Eligibility Criteria
Ages Eligible for Study
18 years to 100 years (Adult, Older Adult)
Accepts Healthy Volunteers
No
Description
Major Inclusion Criteria:
- Patients ≥18 years of age at the time of signing informed consent
- Documented RRMM for which no standard therapy options are anticipated to result in a durable remission. Relapse defined as progressive disease after initial response (minimal response [MR] or better) to previous treatment, more than 60 days after cessation of last treatment. Refractory disease defined as <25% reduction in M protein or progression of disease during treatment or within 60 days after cessation of treatment.

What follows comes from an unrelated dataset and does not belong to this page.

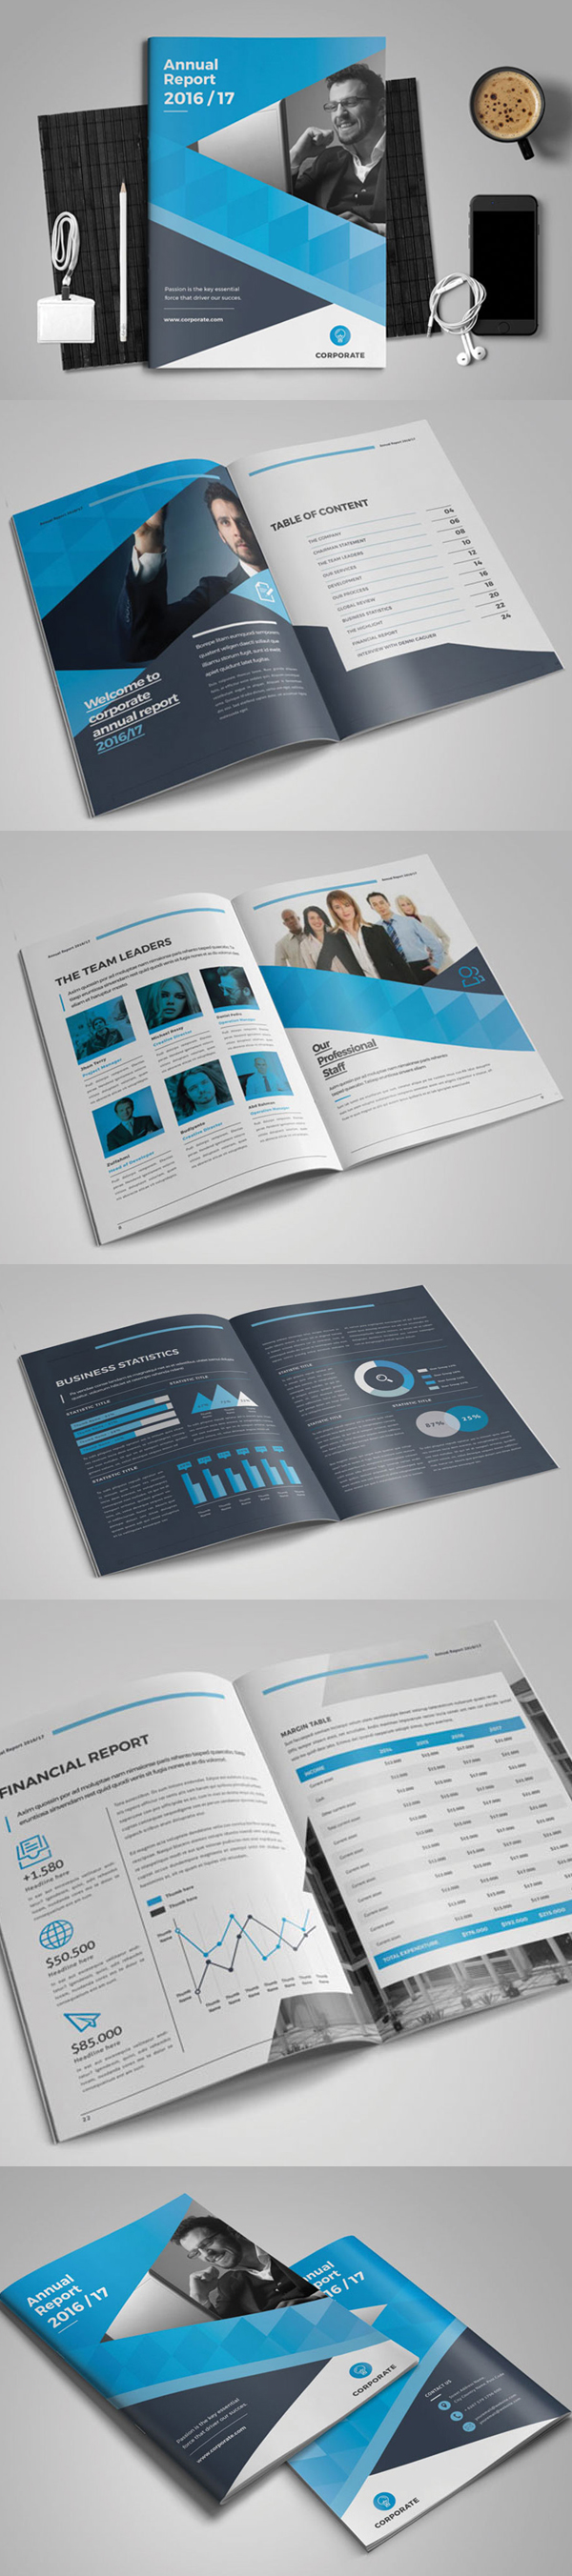 100 Professional Corporate Brochure Templates - 6

- Received at least 3 prior therapies (including proteasome inhibitor, immune modulatory drug, and an anti-CD38 antibody; patients should not be a candidate for or be intolerant of all established therapies known to provide clinical benefit in multiple myeloma).
Measurable disease defined as at least one of the following:
- Serum M-protein ≥0.5 g/dL
- Urine M-protein ≥200 mg/24 hours
- Serum free light chain (FLC) assay: Involved FLC level ≥10 mg/dL (≥100 mg/L) and an abnormal serum FLC ratio (<0.26 or >1.65)

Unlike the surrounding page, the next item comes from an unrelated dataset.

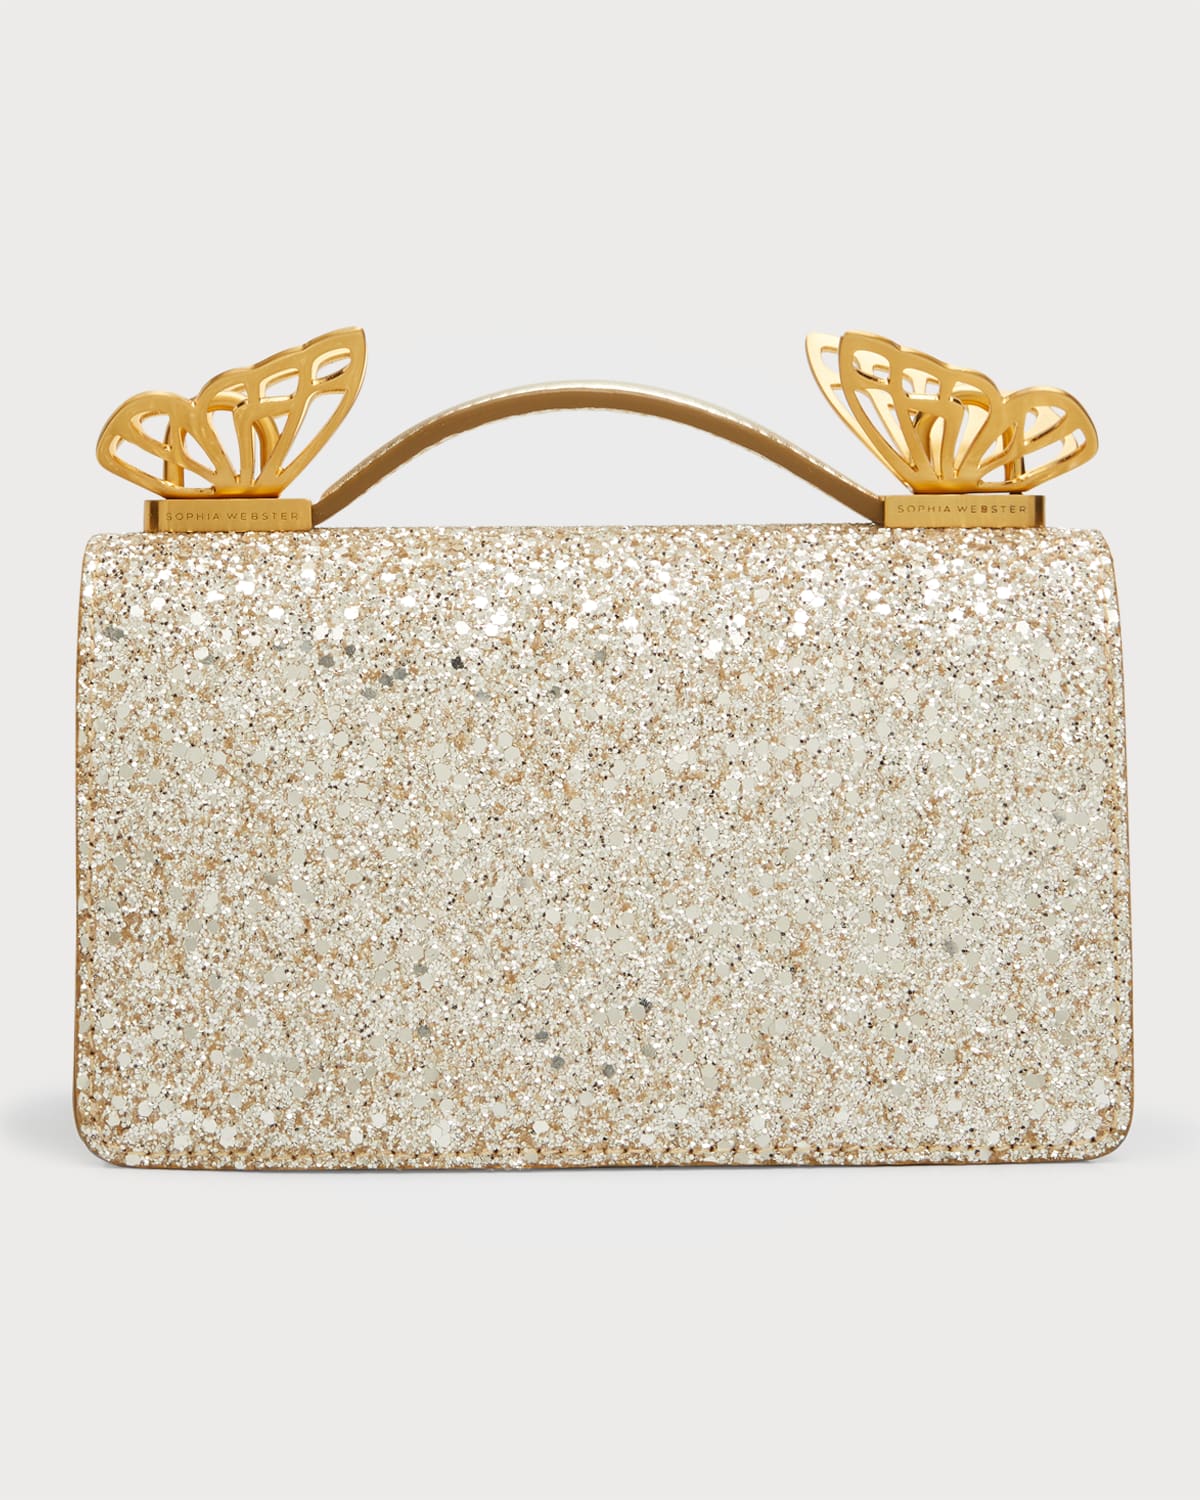 Sophia Webster Mariposa Mini Glitter Top-handle Bag In Champagne Glitter

- Resolved acute effects of any prior therapy to baseline severity or Common Terminology Criteria for Adverse Events (CTCAE) version 5.0 Grade ≤1.
Major Exclusion Criteria:
- Plasma cell leukemia; non-secretory myeloma (e.g., solitary plasmacytoma)
- Patients with only extramedullary relapse of multiple myeloma who do not meet requirement for measurable disease.
- Prior autologous peripheral stem cell transplant or prior autologous bone marrow transplantation within <90 days of the start of study
- Prior allogeneic stem cell transplantation or solid organ transplantation within 12 months of Screening. However, any patient receiving immunosuppressive medication will be excluded.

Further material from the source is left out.